Двое были пред ней — Разумянский и Агадар-Ковранский. Один нравился ей, другого она боялась. Но её девичье сердце — почему именно, Ганночка и сама не знала, — больше лежало ко второму, чем к первому. Но всё-таки это были лишь внешние чувства, весьма далёкие от какого бы то ни было намёка на любовь. Когда Ганночка начинала думать о них, то её сердце молчало. Ей припоминался тогда не Разумянский и не Агадар-Ковранский, а кто-то третий, тот, кого она видела в клубах синеватого дыма около разведённого старухой Асей костра. Этот неведомый образ врезался в её память, запечатлелся в ней, и хотя тот молодец далеко уступал и поляку, и русскому князю, но всё-таки он почему-то был мил девушке и постоянно царил в её мечтах.
Время же не шло, а летело. Стаяли последние снега, зазеленела земля, птички весело и радостно защебетали; пришла весна благовонная, и непонятною истомою наполнилось сердце Ганны…
Случилось же так, что как раз в это время сразу напомнили о себе и пан Мартын Разумянский, и князь Василий Лукич Агадар-Ковранский; они напомнили о себе тогда, когда о них и вспоминать перестали в Чернавске, у воеводы Семёна Фёдоровича.
От пана Мартына прибыл к воеводе Грушецкому посланец. Это был любимец Разумянского, литовец Руссов. Он приехал якобы для того, чтобы исполнить долг вежливости и осведомиться, благополучно ли добралась ясновельможная панна Ганна до своего батюшки.

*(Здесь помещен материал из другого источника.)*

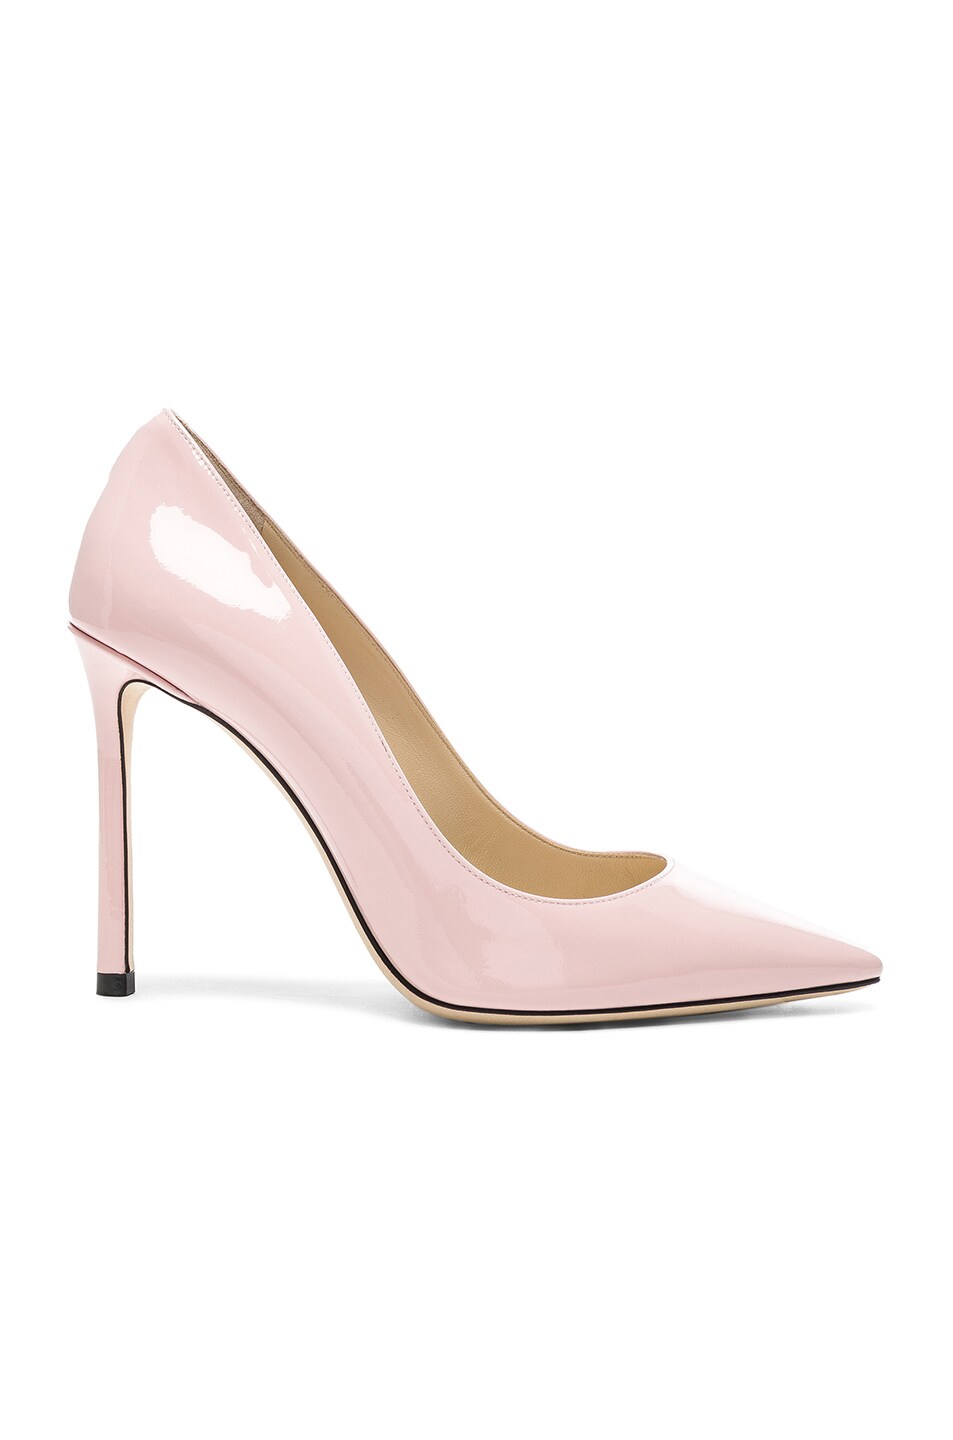 Image 1 of Jimmy Choo Romy 100 Patent Leather Heels in Rosewater

Семён Фёдорович был от души обрадован этим появлением посланца. В нём сказывалась польская кровь, и он любил этих аристократов славянства, как называют теперь поляков; ему не претили ни их напыщенность, ни ходульность. Руссова он принял как самого дорогого гостя, и, конечно, между ними только и разговору было о дорожном приключении, в котором сыграла такую большую роль Ганночка. Руссов умел и прихвастнуть, и поналгать с три короба и изобразил князя Василия лютым зверем, которого отнюдь не жалко было бы убить.
Грушецкий, слушая его, только головой покачивал да пыхтел от негодования.
— Бок о бок с моим воеводством живёт, и у меня на него руки коротки? — воскликнул он. — Уж попался бы он, так я показал бы ему, как лютовать. Он у меня по струнке ходил бы и пикнуть не посмел бы.
Руссов, цриметивший это негодование старика, постарался распалить его ещё более и, конечно, при этом расхваливал Ганночку, рассказывая, как она заступилась за лесовика Петруху и смело бросилась защищать пана Мартына Разумянского от неистовой лютости князя Василия.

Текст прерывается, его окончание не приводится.